++++ Data extract
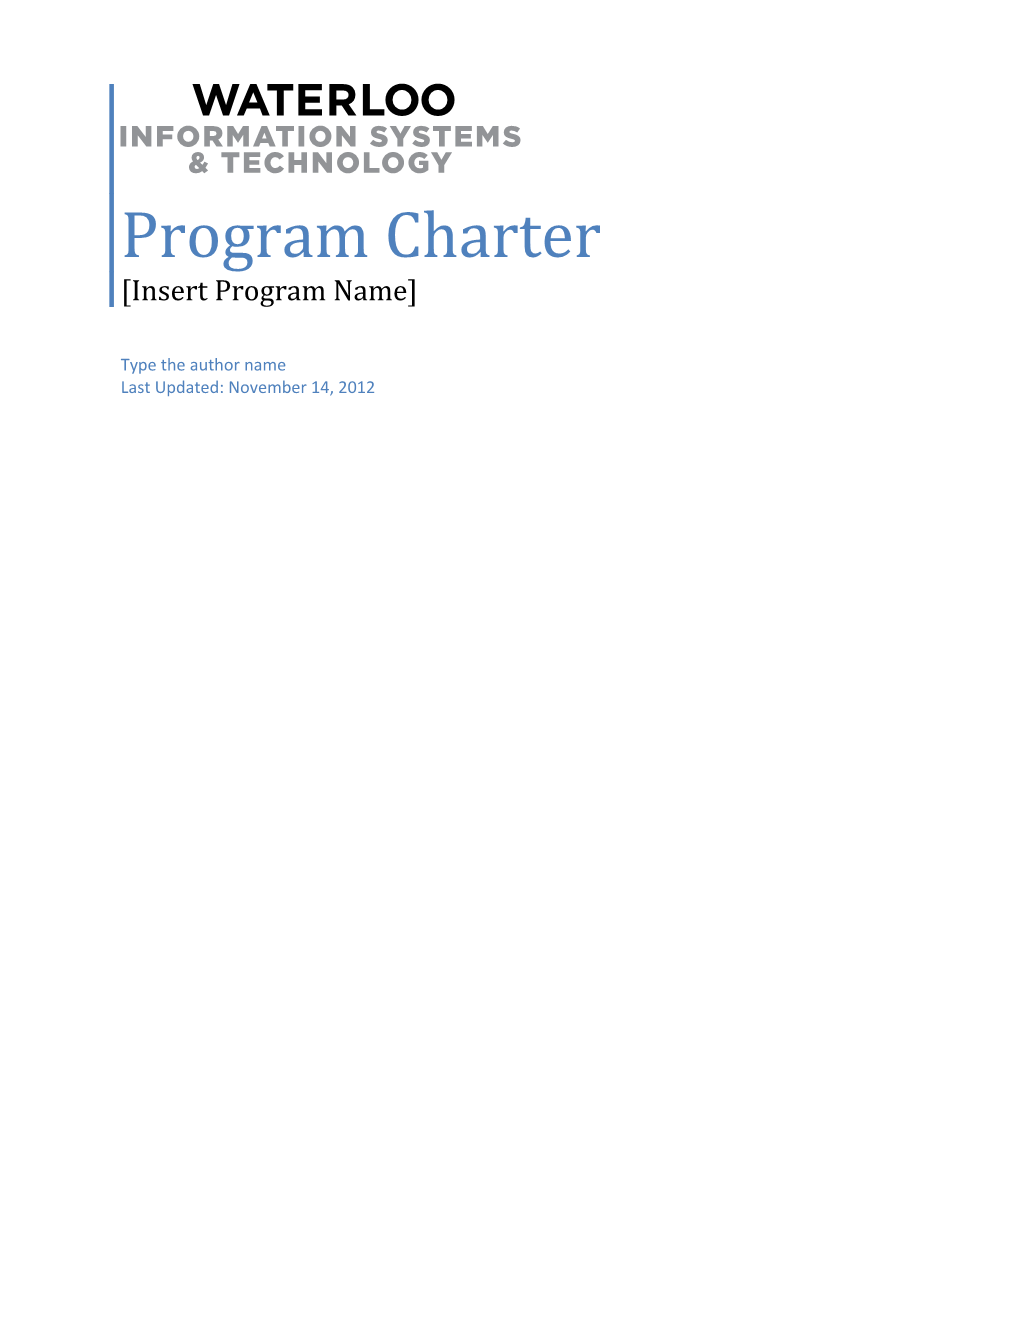 Program Charter Insert Program Name
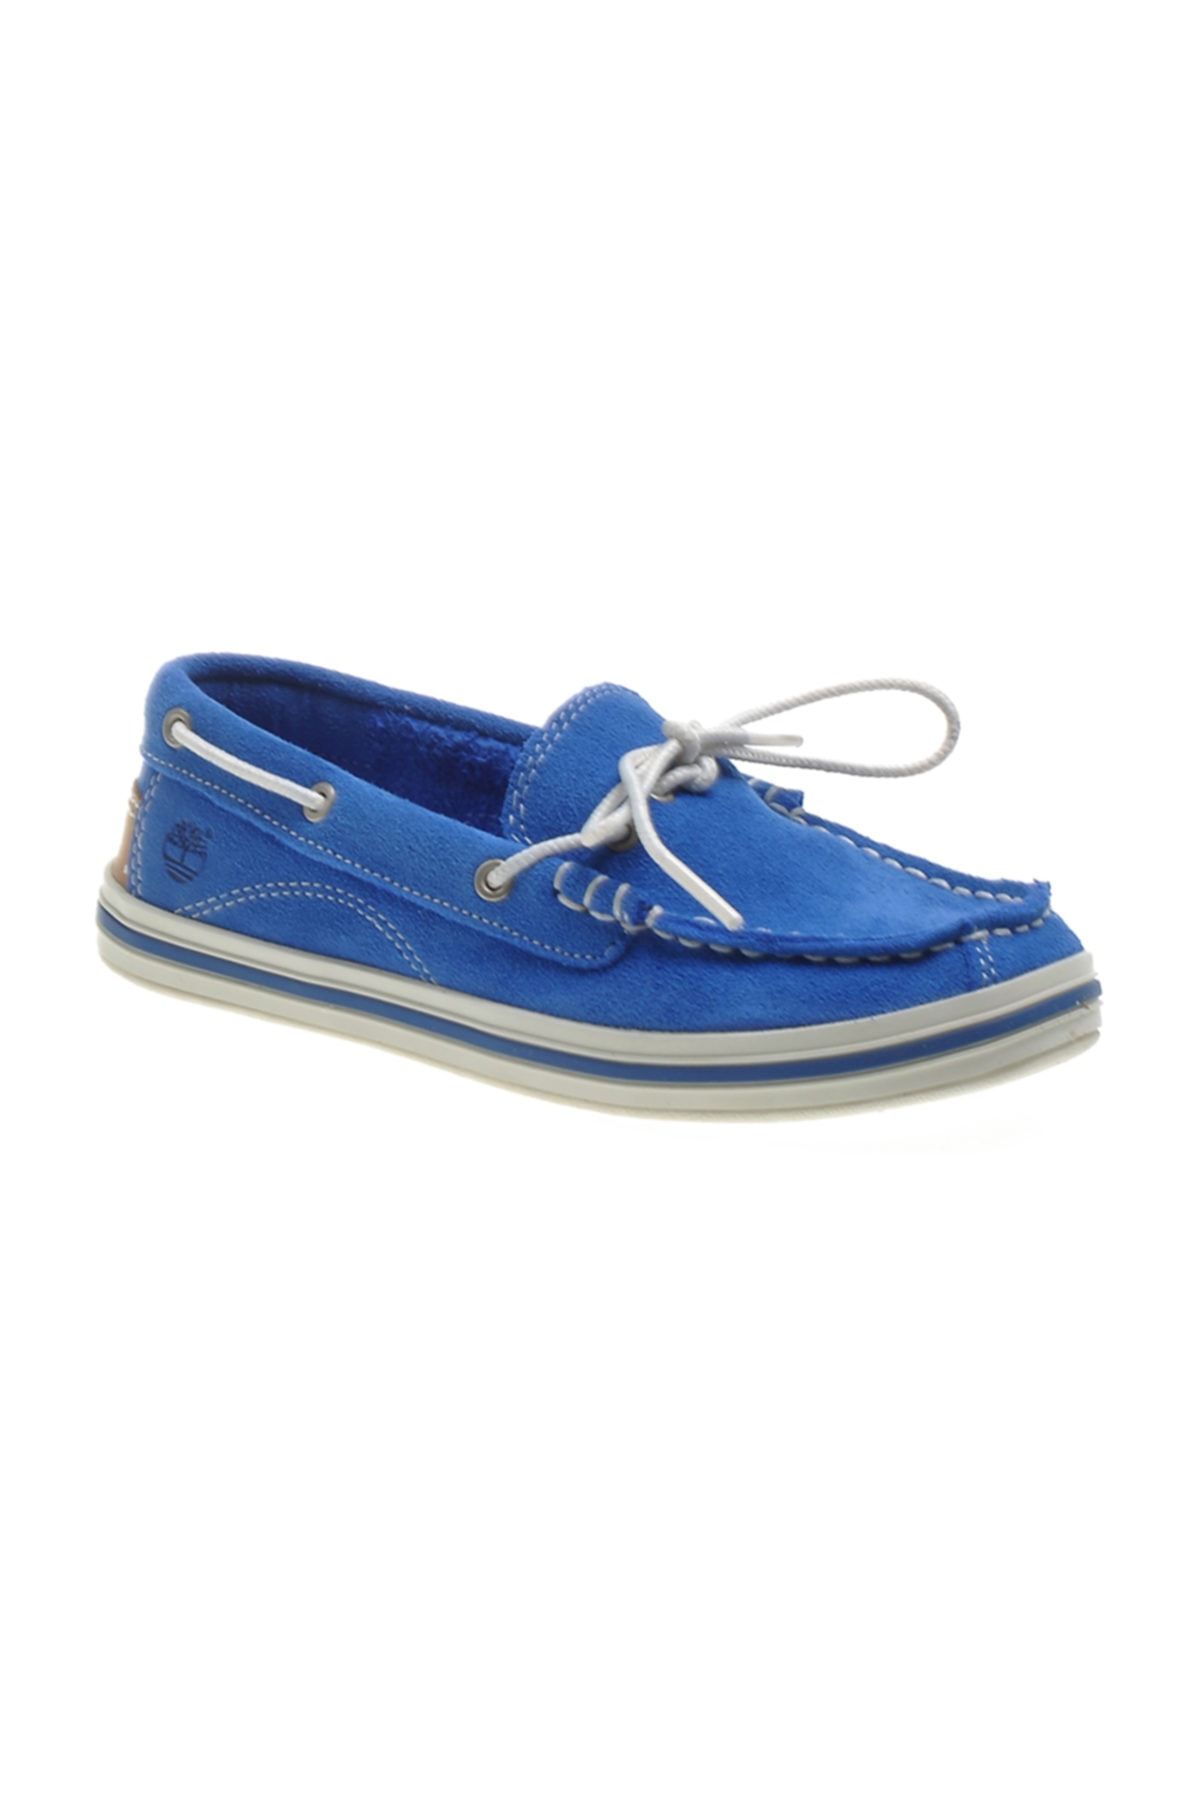 Timberland Erkek Çocuk Mavi Loafer Ayakkabı
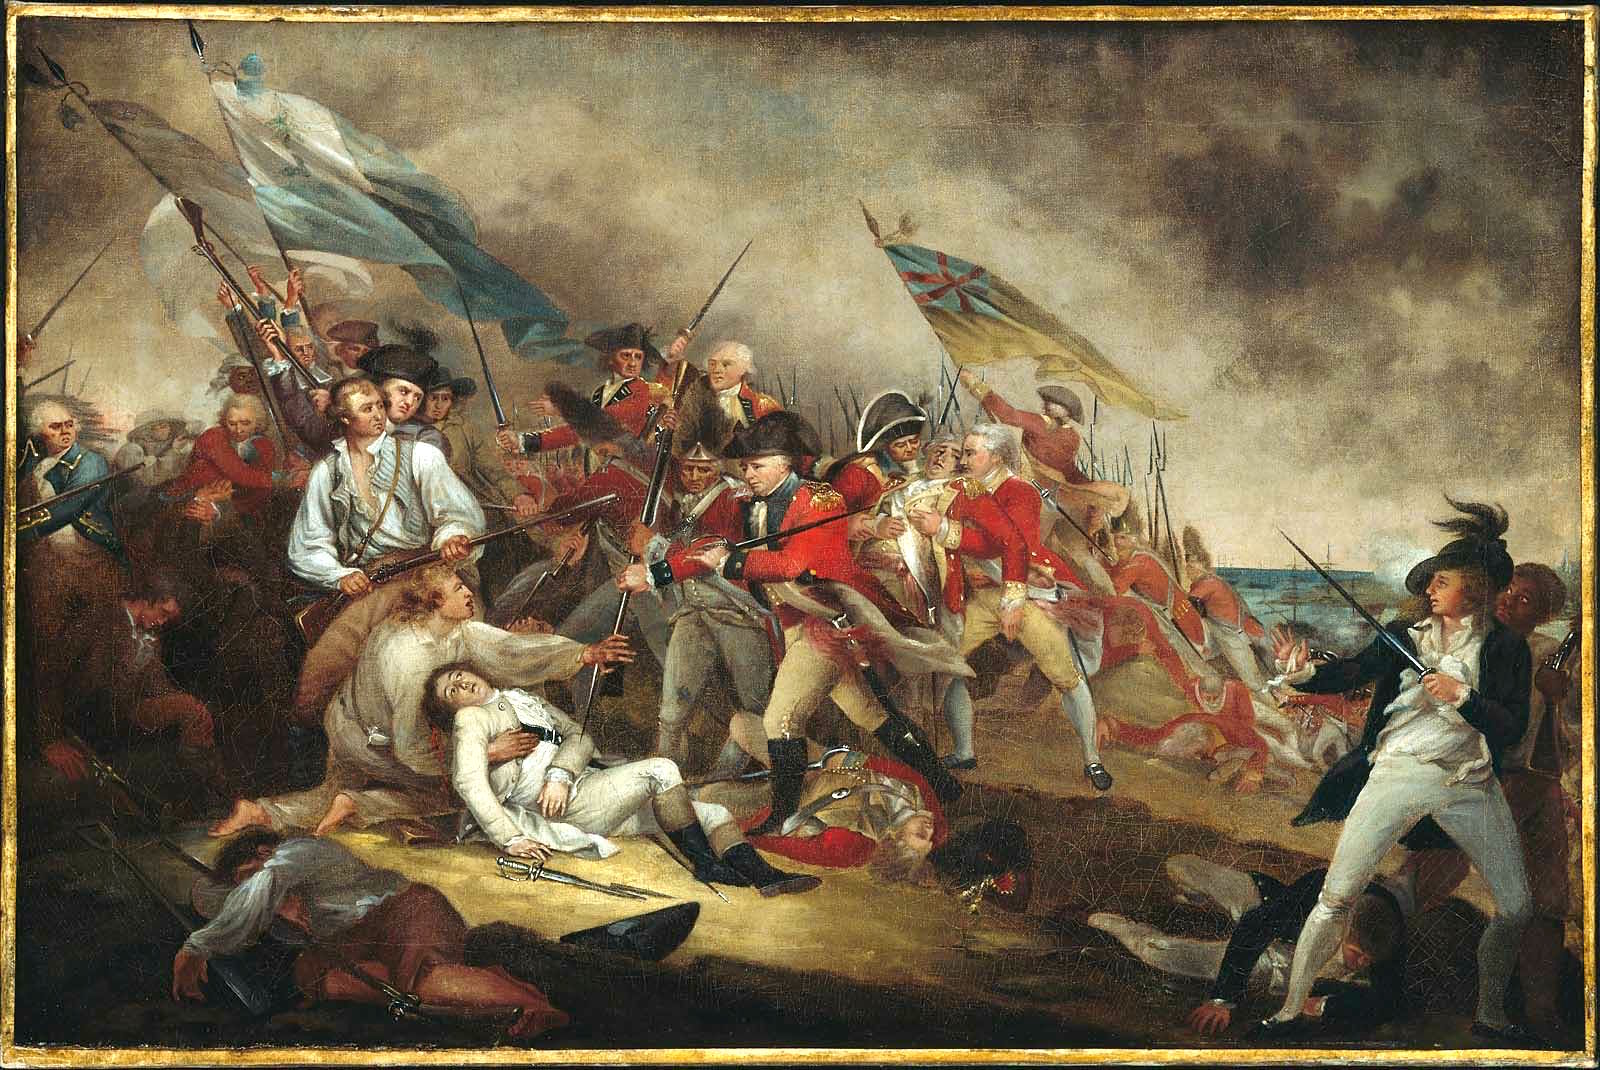 Battle of Bunker Hill - Wikipedia
++++++++
▶ Assigned task
Please leave the images out and retype the rest of the material exactly.

▶ Task result
 Program Charter Insert Program Name
 Timberland Erkek Çocuk Mavi Loafer Ayakkabı
 Battle of Bunker Hill - Wikipedia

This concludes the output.